Thursday, June 22, 2017

Sunday Gospel Reflection, June 25, 2017: Answer me, O Lord...

 
How do we avoid separation from God? 

   Jeremiah doesn’t have an easy time of it.  Called to be a prophet to a people that has returned to its idolatrous ways, he is under constant threat from his persecutors.  It is not surprising that he undergoes an interior crisis of sorts:  you seduced me, Lord, and I let myself be seduced, he laments.  Jeremiah knows his persecutors believe God has abandoned them; they are profoundly self-centered and thus live in separation from the God who invites them to covenant.  But Jeremiah surmounts his own moment of crisis thanks to his returning confidence in the Lord:  to you I have entrusted my cause.  Like the psalmist in Psalm 69, Jeremiah is able to praise the Lord, able to bear insult because zeal for the Lord’s house consumes him.  Unlike his persecutors, who have cut themselves off from relationship with God, Jeremiah resists such separation, putting his faith in the relationship that is at the core of his existence.
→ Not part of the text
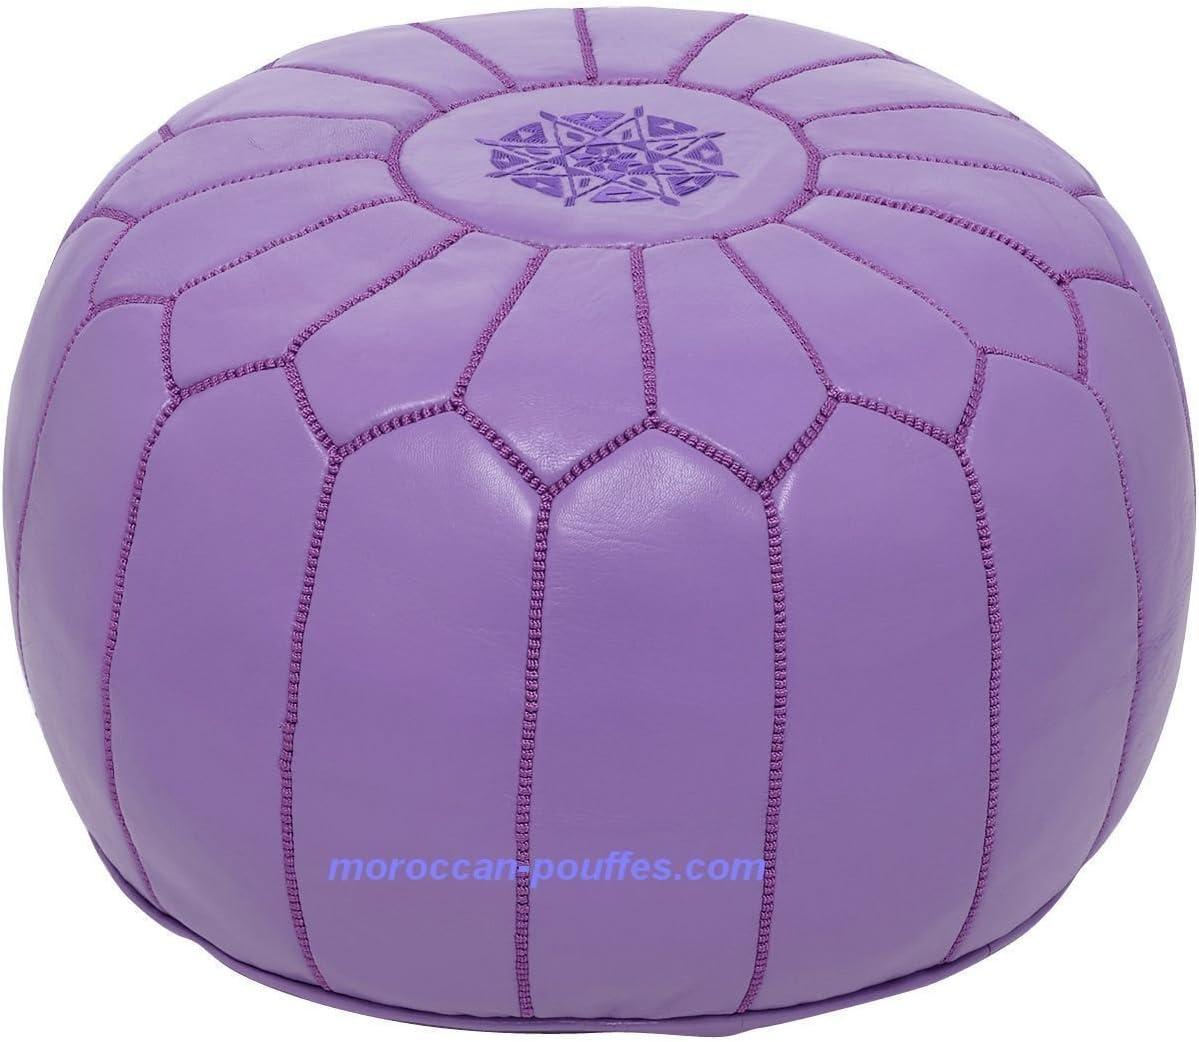 moroccan poufs Leather Luxury Ottomans Footstools Purple Unstuffed

   Whenever we put our own self-focus before our faith in the Lord, we are entering into that mode of separation that follows the pattern of the trespass of Adam, as Paul explains to the Corinthians.  Sin – separation – isolates rather than incorporates.  But the death of Jesus restores us to relationship through grace and forgiveness; this is his gift to us, a gift that overflows for the many.  It is also a gift that leaves no place for fear:  Fear no one, Jesus tells the Twelve in Matthew’s Gospel, for no one can take this gift from you.  Instead, go out and share God’s love, proclaiming it on the housetops!  If we do, living from that love, separation diminishes as we move ever closer to the fullness of life in Christ.

This post is based on Fr. Pat’s Scripture class.